Nothing new there; I could always go for food. Trouble is, I’m too far from home to dash there real quick, even with my truck on campus—fuck if I’m willing to lose my parking spot next to the athletic building over a snack—and I’m not jogging home for the frozen burrito I’m craving, even if it would burn off the calories.

Like a bear sniffing out food after a long winter, I skip the athletic dining hall—that’s too far too because this is an emergency.

The on-campus cafeteria for regular students will have to do.

I turn my nose up at the thought, dreading the flat hamburger patties and stale lettuce I’ll surely find when I get there. Chicken sounds appealing; so do a few fatty hot dogs.

I quicken my pace, not sure where this fucking joint is located; I haven’t eaten there since…well, freshman year, and that one time was a mistake. The eats here are utter shit.

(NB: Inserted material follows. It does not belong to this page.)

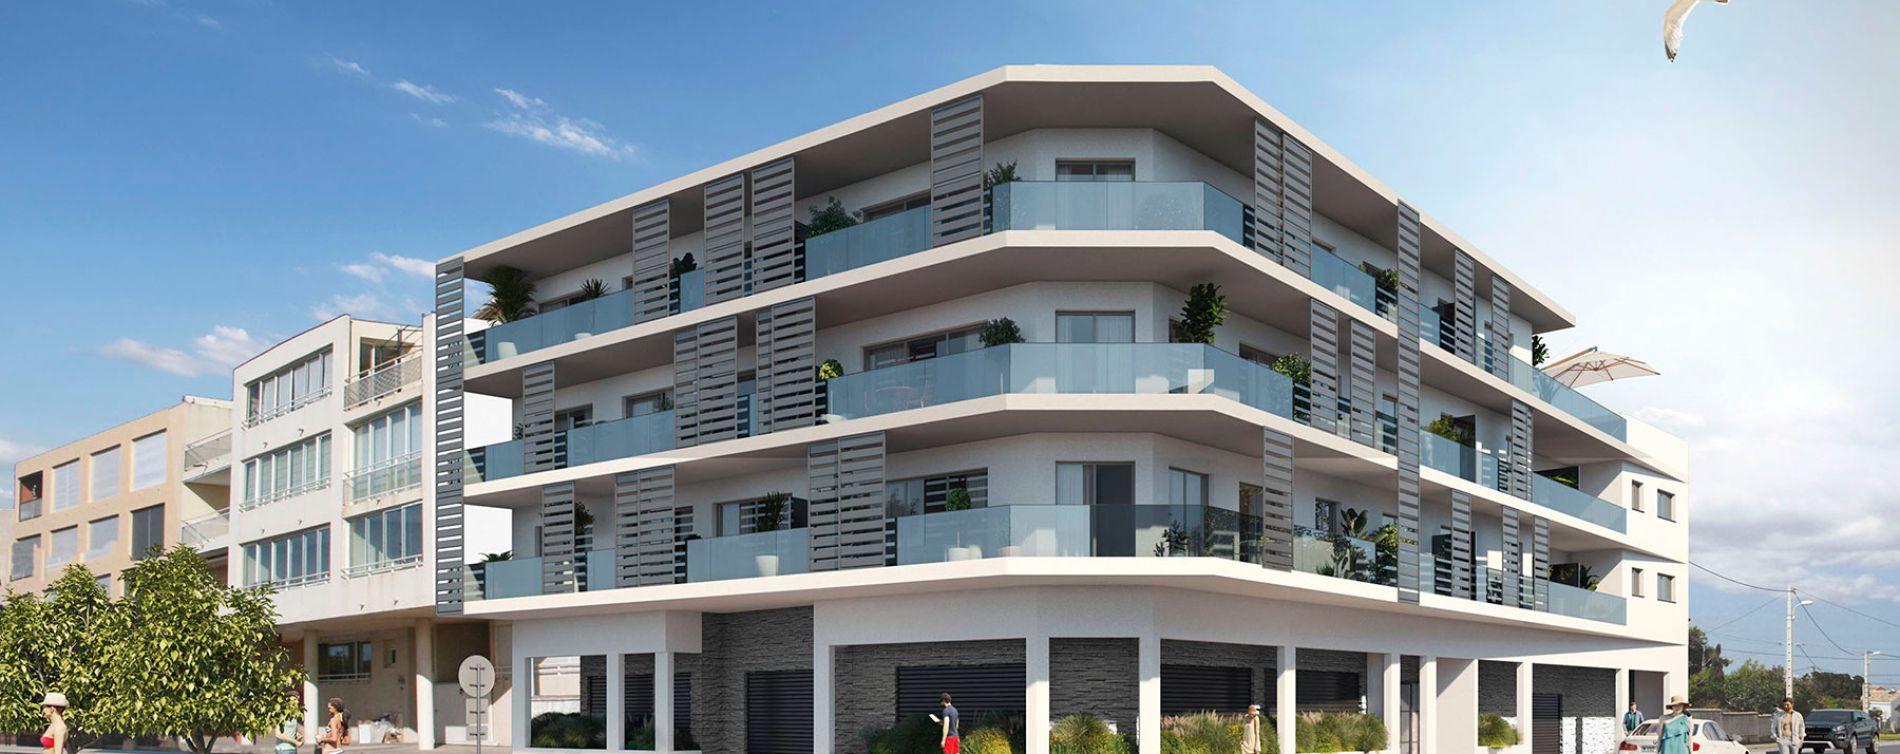 Résidence Villa Horizon à Agde

The perks of being a jock at a school this size are considerable. Special facilities. Massage therapist at my beck and call. Hot tubs in the training room. Free clothes through sponsorships.

I walk taller, a head above most everyone I pass. They scurry by, giving me the side-eye, some backward glances I ignore. Whispers. I don’t miss the elbow jabs.

Arrogantly, I know many of them recognize me. Guys especially.

My nose leads me to the food, the room full, lines long.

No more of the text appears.